> Collected data entries:
════════════════════

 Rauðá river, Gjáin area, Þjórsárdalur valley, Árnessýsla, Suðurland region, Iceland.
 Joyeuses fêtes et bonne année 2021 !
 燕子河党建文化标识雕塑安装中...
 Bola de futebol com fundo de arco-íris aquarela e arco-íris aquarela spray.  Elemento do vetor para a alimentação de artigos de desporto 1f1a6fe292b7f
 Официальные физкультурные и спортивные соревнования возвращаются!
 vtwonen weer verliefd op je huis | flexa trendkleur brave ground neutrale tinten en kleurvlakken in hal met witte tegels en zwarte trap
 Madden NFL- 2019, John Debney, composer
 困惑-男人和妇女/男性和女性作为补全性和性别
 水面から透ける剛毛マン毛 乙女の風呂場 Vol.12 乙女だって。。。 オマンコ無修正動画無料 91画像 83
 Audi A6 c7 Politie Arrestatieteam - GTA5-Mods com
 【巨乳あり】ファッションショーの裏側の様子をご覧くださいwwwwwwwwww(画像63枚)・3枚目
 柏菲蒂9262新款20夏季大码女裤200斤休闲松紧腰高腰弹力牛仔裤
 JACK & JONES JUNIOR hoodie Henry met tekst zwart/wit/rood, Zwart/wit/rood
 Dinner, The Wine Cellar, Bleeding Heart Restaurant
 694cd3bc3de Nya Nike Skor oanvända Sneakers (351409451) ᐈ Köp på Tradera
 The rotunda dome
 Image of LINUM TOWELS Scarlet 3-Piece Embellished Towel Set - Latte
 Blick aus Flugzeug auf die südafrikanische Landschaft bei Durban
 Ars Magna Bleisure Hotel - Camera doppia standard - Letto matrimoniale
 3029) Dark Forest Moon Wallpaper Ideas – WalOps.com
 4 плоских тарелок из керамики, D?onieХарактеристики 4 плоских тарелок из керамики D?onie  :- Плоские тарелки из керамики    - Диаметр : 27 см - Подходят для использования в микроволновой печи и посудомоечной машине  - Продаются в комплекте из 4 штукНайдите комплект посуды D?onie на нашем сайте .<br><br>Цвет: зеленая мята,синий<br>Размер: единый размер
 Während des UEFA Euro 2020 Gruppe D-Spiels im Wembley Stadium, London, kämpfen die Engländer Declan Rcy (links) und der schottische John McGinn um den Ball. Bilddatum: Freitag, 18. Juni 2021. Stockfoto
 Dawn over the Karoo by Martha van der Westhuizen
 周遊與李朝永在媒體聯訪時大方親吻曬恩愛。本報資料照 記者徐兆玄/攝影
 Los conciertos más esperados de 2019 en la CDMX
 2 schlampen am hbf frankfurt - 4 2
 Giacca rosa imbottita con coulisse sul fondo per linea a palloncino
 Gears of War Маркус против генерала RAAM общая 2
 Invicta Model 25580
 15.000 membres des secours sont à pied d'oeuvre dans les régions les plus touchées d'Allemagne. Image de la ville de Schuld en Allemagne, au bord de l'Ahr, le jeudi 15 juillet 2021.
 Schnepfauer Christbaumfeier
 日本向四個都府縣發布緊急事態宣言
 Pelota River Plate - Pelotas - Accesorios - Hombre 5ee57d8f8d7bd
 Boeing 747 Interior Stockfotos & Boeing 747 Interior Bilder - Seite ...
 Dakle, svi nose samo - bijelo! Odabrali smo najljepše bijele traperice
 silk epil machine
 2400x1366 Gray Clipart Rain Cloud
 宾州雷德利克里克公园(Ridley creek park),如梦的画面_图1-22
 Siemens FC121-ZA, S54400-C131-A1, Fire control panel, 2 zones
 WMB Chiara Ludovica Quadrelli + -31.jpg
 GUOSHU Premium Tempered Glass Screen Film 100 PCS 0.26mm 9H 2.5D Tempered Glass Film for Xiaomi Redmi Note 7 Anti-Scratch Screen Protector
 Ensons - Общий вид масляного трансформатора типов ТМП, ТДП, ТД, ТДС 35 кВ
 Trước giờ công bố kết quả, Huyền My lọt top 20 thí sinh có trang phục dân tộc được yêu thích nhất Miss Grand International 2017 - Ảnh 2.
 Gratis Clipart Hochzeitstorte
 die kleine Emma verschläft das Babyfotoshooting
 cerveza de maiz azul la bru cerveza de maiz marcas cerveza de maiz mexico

════════════════════

> EXERCISE: Starting at the first line of the records above, please copy each line exactly until you reach the line containing "燕子河党建文化标识雕塑安装中...". Include that line and stop there.

> SOLVED PROBLEM:
 Rauðá river, Gjáin area, Þjórsárdalur valley, Árnessýsla, Suðurland region, Iceland.
 Joyeuses fêtes et bonne année 2021 !
 燕子河党建文化标识雕塑安装中...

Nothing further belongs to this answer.